When will SNORT-Update (rpm) be available?
Together with the Sendmail Remote Buffer Overflow there has been announced a Snort vulnerablity. But until now no one mentioned this on the list, nor is an update availble. When can we expect an updated Snort 1.9.1 RPM? Ciao Uwe HoneyNet Germany
On Fri, 7 Mar 2003, HoneyNet Germany wrote:
Together with the Sendmail Remote Buffer Overflow there has been announced a Snort vulnerablity. But until now no one mentioned this on the list, nor is an update availble.
When can we expect an updated Snort 1.9.1 RPM?
This version will be shipped with the upcoming SuSE Linux distribution.
Bye,
Thomas
--
Thomas Biege
Will there be no Update for existing distributions as it is not a minor fix, but an important update for everyone using snort on a box. With sendmail the reaction was quite fast, with snort the problem wasn't even mentioned here (with the workaround). I just wonder a little bit about your answert that the next release will contain the fixed snort-rpm. Hmmm ... thinking about priorities .... In security! Uwe
-----Original Message----- From: Thomas Biege [mailto:thomas@suse.de] Posted At: Friday, March 07, 2003 2:53 PM Posted To: Newsletter Conversation: [suse-security] When will SNORT-Update (rpm) be available? Subject: Re: [suse-security] When will SNORT-Update (rpm) be available?

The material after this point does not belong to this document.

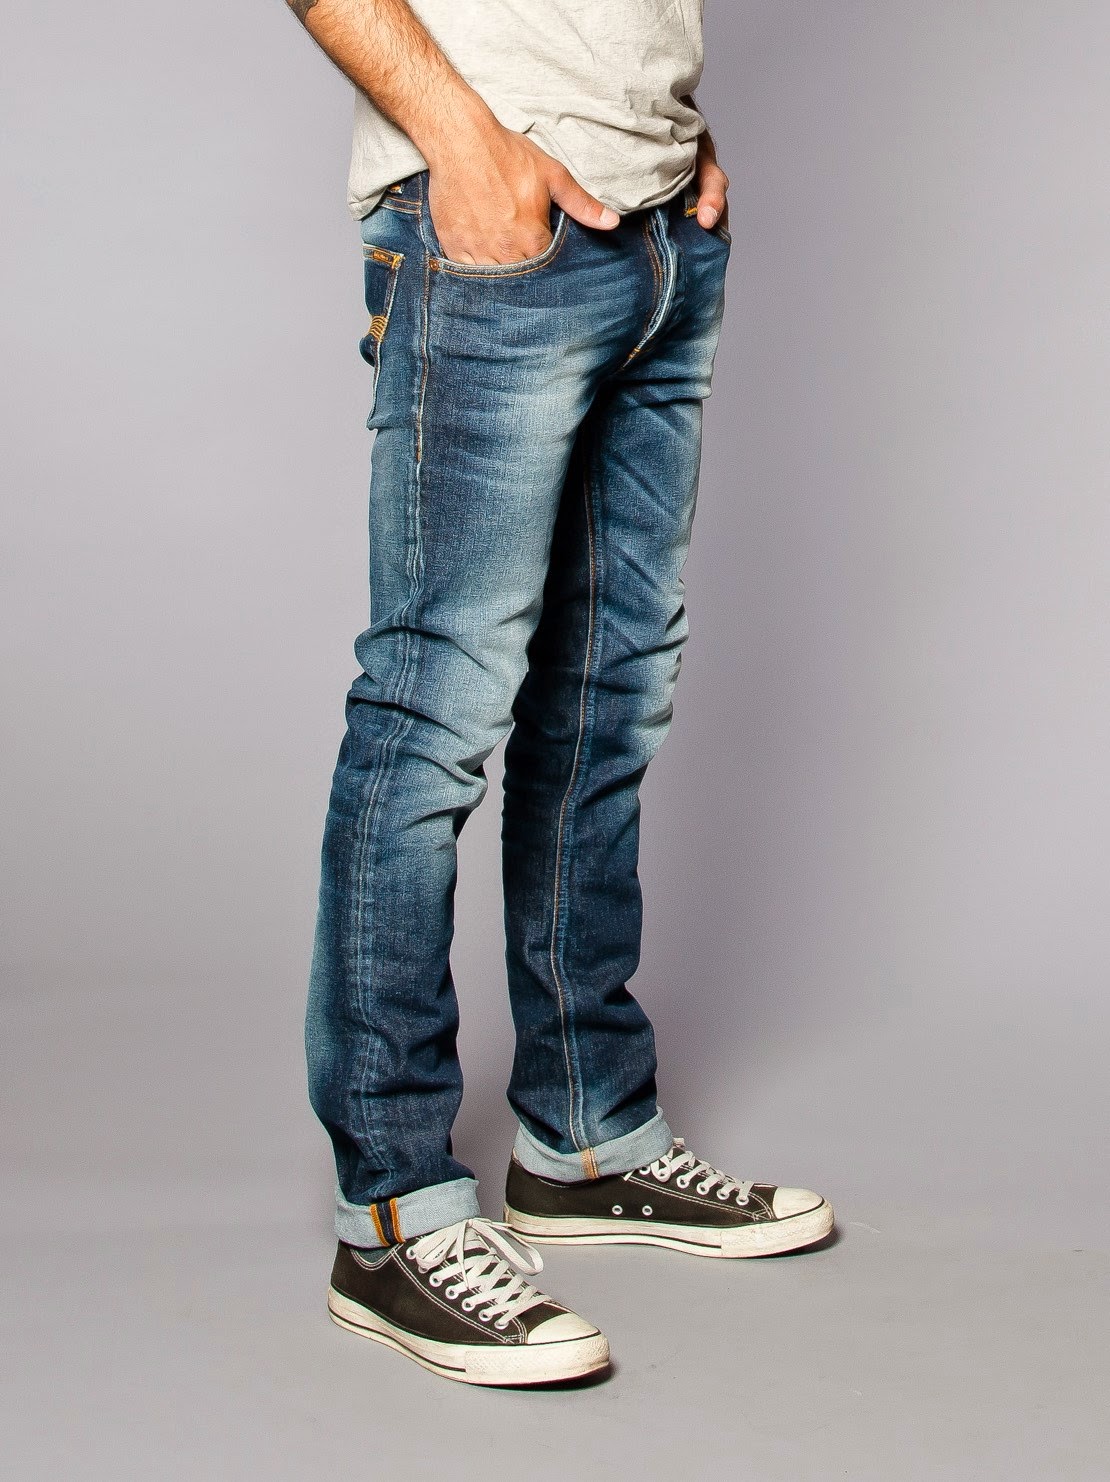 consciously sartorial: Nudie Jeans Co. - smart jeans for the conscious gent

On Fri, 7 Mar 2003, HoneyNet Germany wrote:
Together with the Sendmail Remote Buffer Overflow there has been announced a Snort vulnerablity. But until now no one
mentioned this on
the list, nor is an update availble.
When can we expect an updated Snort 1.9.1 RPM?

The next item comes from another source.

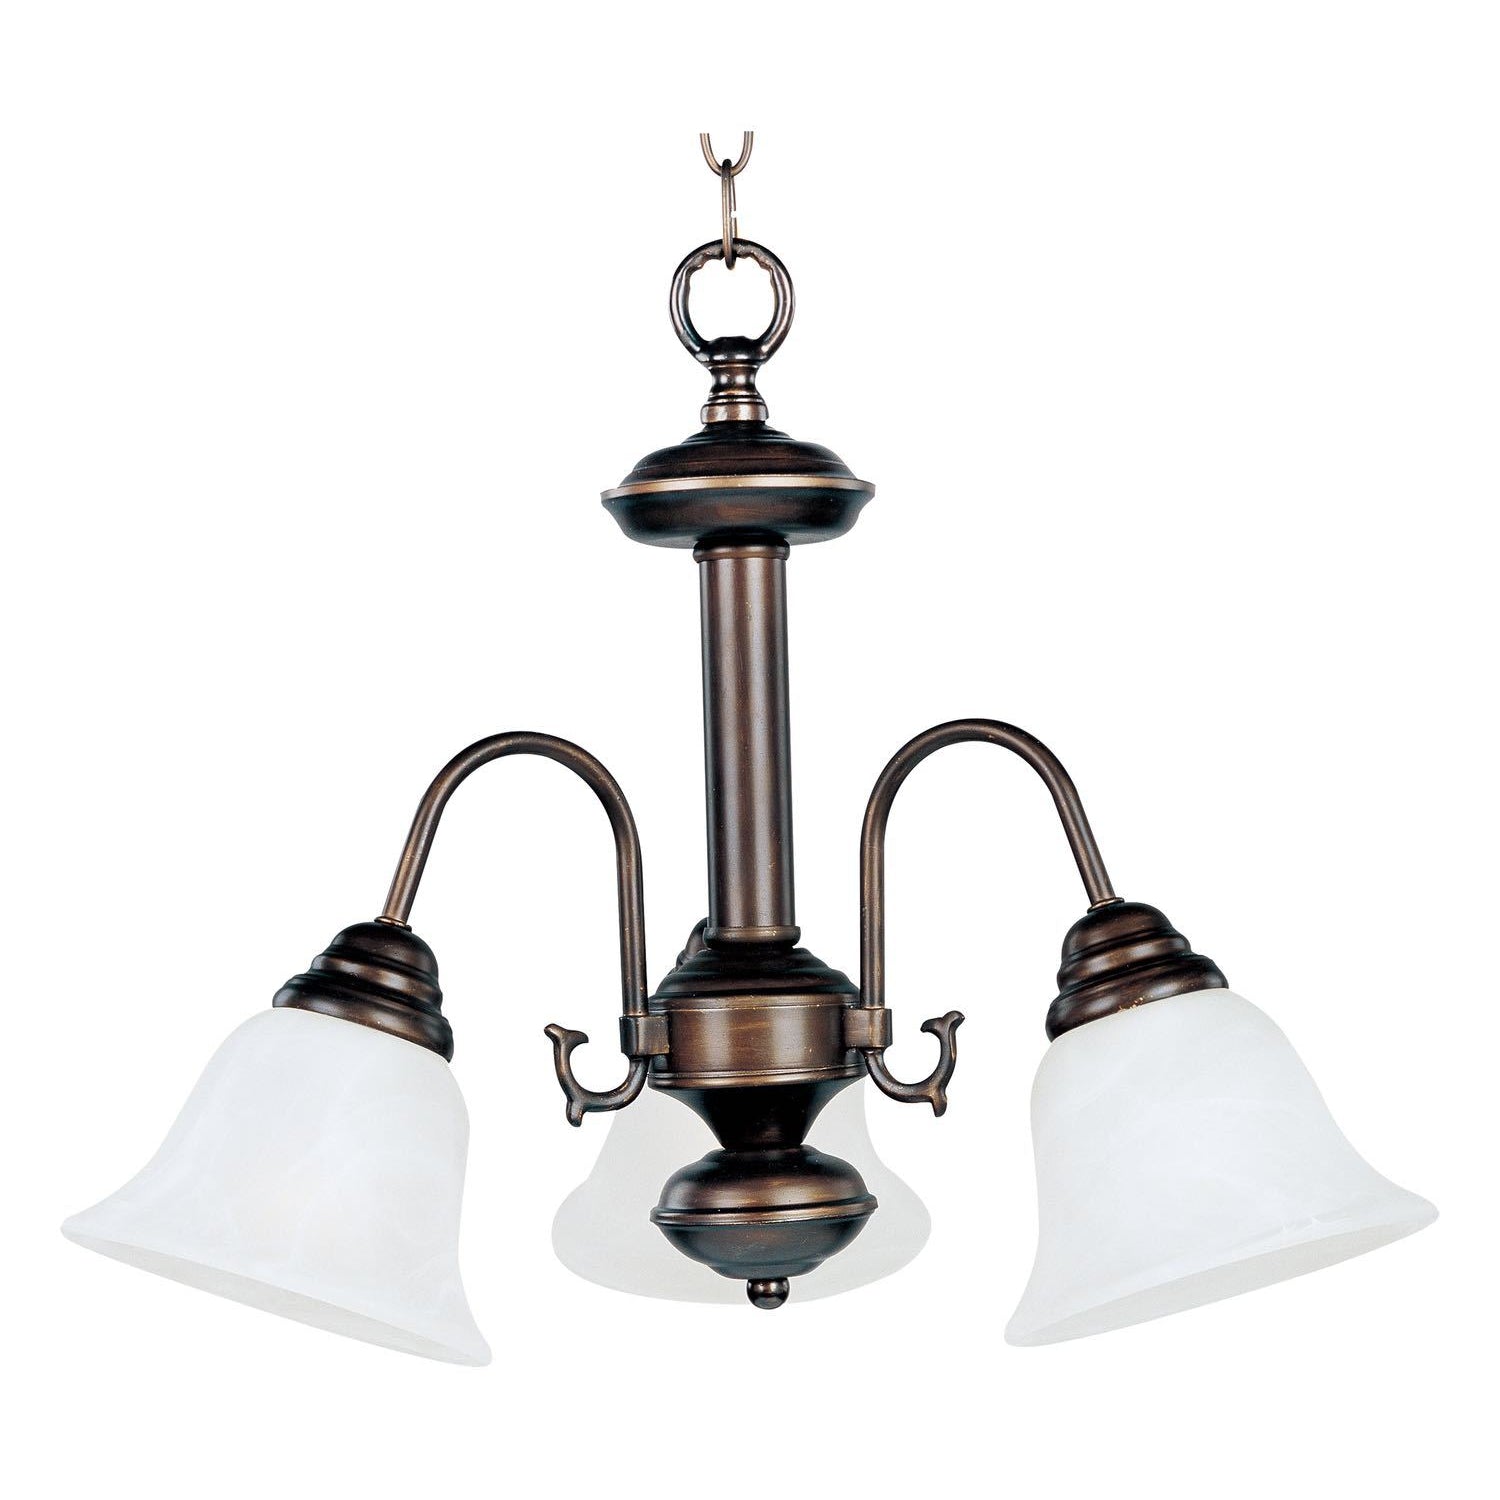 Malaga Chandelier Oil Rubbed Bronze | Marble

This version will be shipped with the upcoming SuSE Linux distribution.
Bye, Thomas -- Thomas Biege
SuSE Linux AG,Deutschherrnstr. 15-19,90429 Nuernberg Function: Security Support & Auditing "lynx -source http://www.suse.de/~thomas/contact/thomas.asc | gpg --import" Key fingerprint = 7254 B15D B3C4 943F 485E 0BBD 8ECC D7CB C200 A213
When can we expect an updated Snort 1.9.1 RPM?
This version will be shipped with the upcoming SuSE Linux distribution.
Bye, Thomas
Will there be no Update for existing distributions as it is not a minor fix, but an important update for everyone using snort on a box. With sendmail the reaction was quite fast, with snort the problem wasn't even mentioned here (with the workaround). I just wonder a little bit about your answert that the next release will contain the fixed snort-rpm.
Hmmm ... thinking about priorities .... In security!
Uwe
So basically SuSE says 'If you want snort with that security fix, go and _BUY_ the next SuSE which hasnt even been announced? 'emerge -u snort' bye, [MH]
On Fri, 7 Mar 2003, Mathias Homann wrote:
When can we expect an updated Snort 1.9.1 RPM?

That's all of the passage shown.